Cloning refers to somatic (non-sex) cell nuclear transfer. In cloning, the nucleus from a somatic cell is transferred to an oocyte (egg cell) from which the nucleus has been removed. The nuclear DNA of any offspring arising from cloning is identical to that of the original donor.
The intraurerine mortality rate of cloned animals is relatively high. Newborn clones are less healthy, generally, than animals reproduced normally. If a clone survives the first 48 hours after birth, however, it will usually grow and mature to the point where it is largely indistinguishable from normal animals. Cloning could provide a way to supplement the supply of meat and other protein-rich animal products.
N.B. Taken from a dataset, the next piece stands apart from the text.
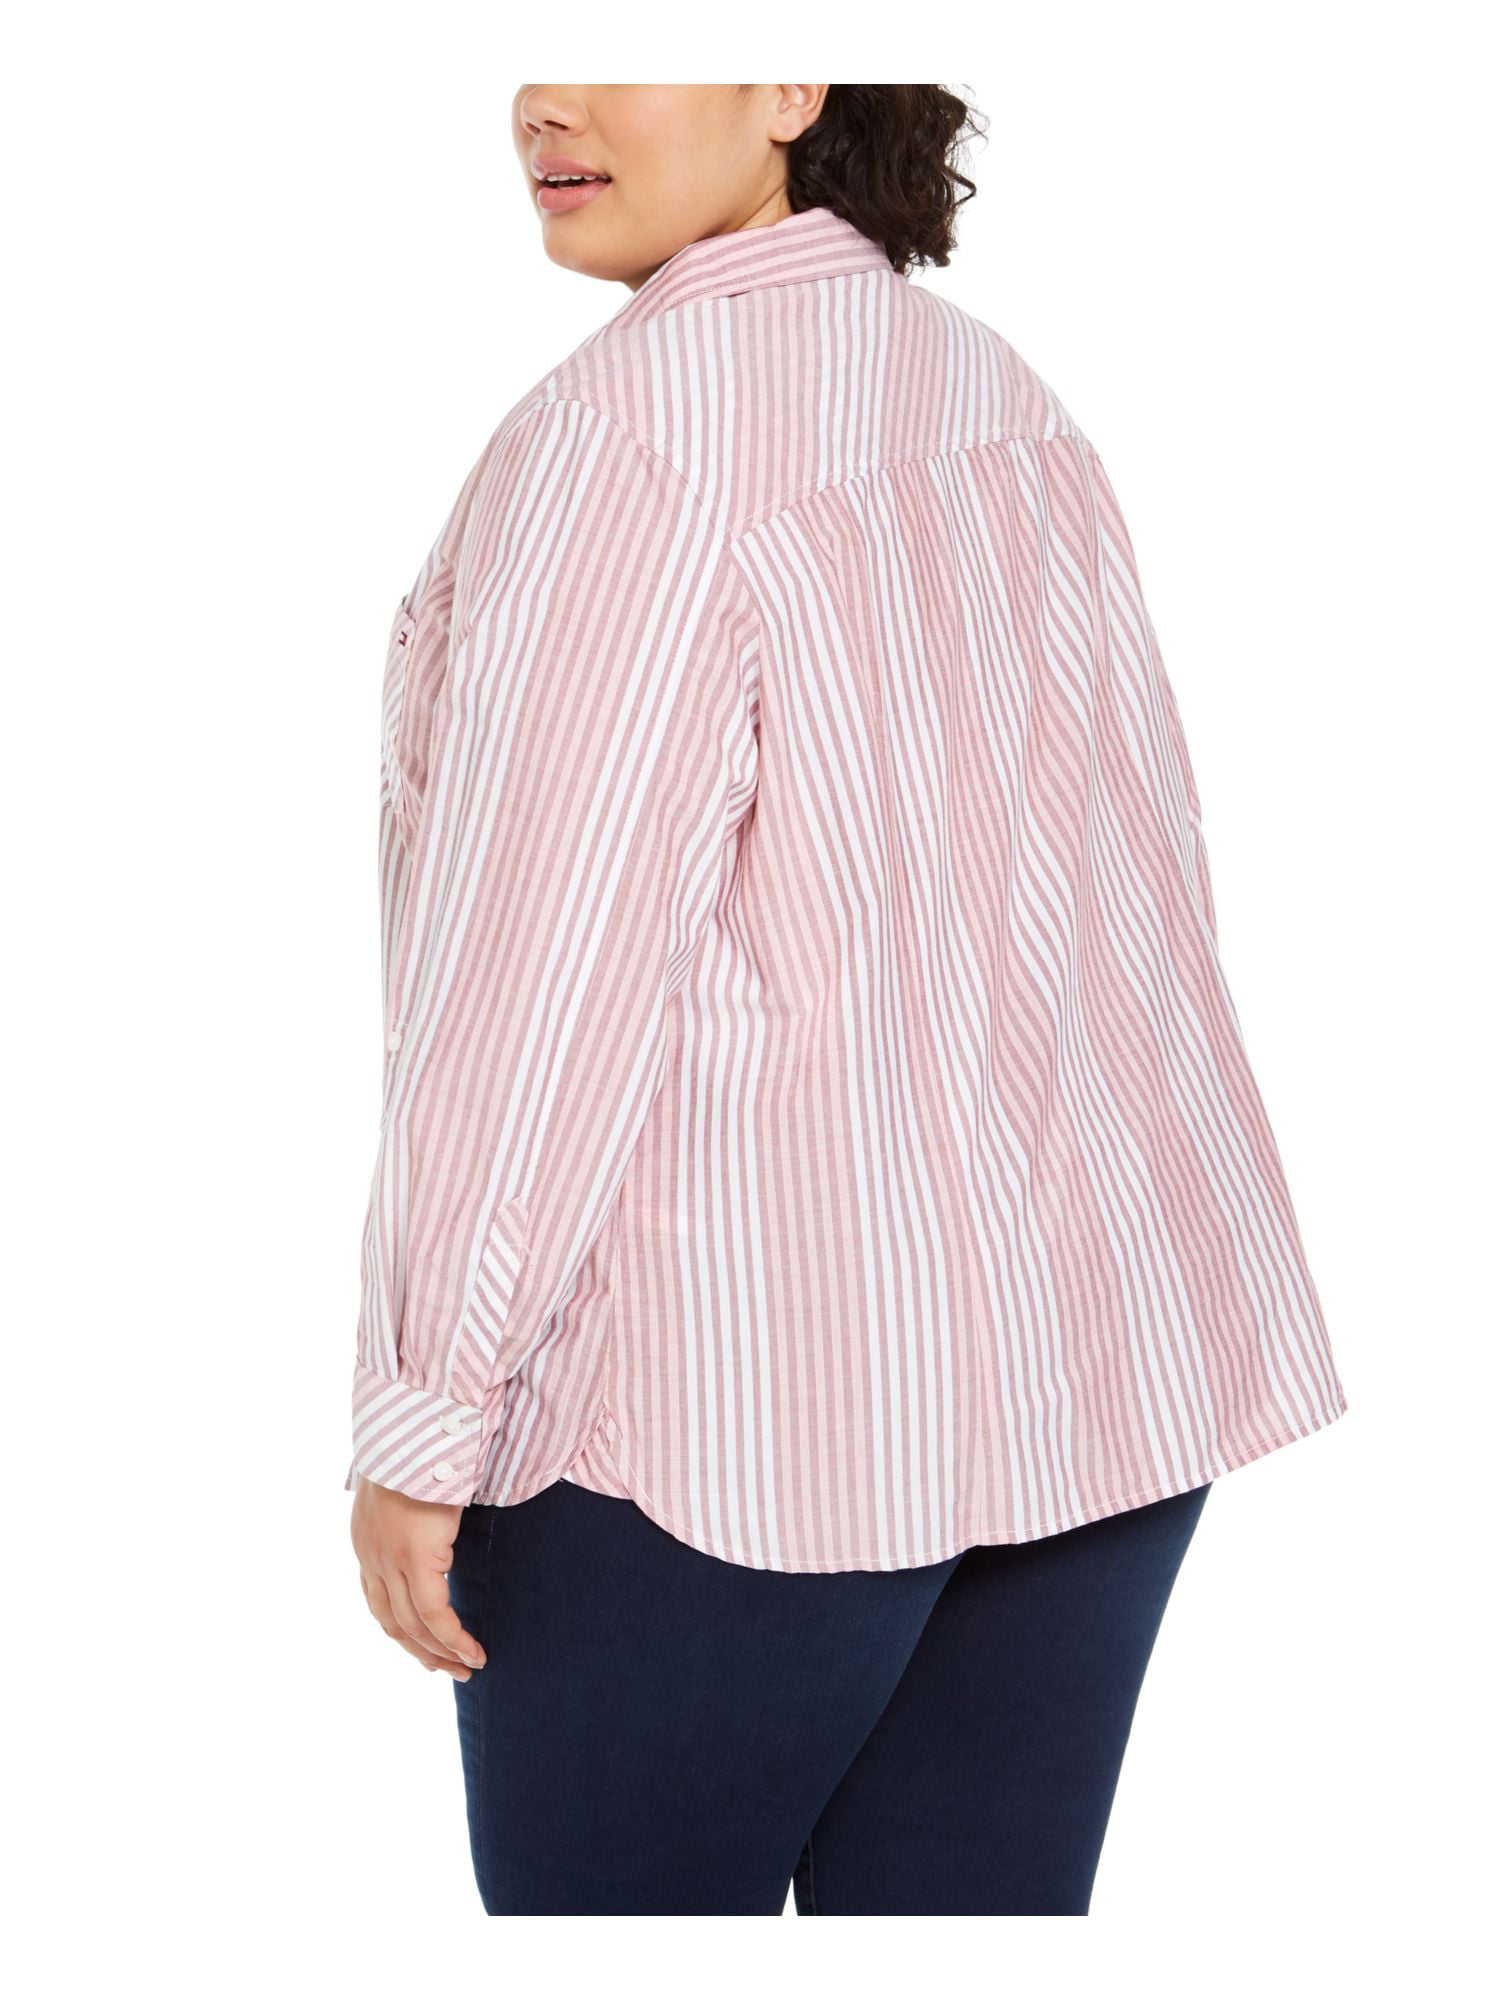 TOMMY HILFIGER Womens Pink Striped 3/4 Sleeve Collared Button Up Top Plus  0X

In December, 2006, FDA issued draft guidance on allowing meat and milk from cloned cows into the food chain in the United States. In a risk assessment (“RA”), the Agency found that the technology posed no additional safety risks as compared to food derived from animals born through other assisted reproductive technologies in use in U.S. agriculture. Under FDA’s guidance, the labeling in milk and meat products from cloned animals would be no different from that on conventional products.
Opponents of the use of cloned animals as food have included certain scientists, health groups, consumer advocates and occasionally industry. Predictably enough, the Center for Science in the Public Interest said that the RA was based on “false assumptions and misrepresented findings.” Even some food firms have publicly taken positions hostile to cloned products. In January of 2007, California Dairy, the state’s largest dairy producer, stated that it “will not accept milk from cloned cows, effective immediately.”
The Center for Food Safety (“CFS”) published a review of FDA’s RA in March of 2007, claiming that that assessment was based on “fraudulent assumptions and misrepresented findings.” The Center has published a report called “Not Ready for Prime Time,” alleging that FDA’s RA relies on only three peer-reviewed food safety studies, all focused on milk from cloned cows. The CFS alleged that the studies relied upon were funded by clone-making biotech firms. Other opponents include Consumers Union and the Humane Society of the United States, among others.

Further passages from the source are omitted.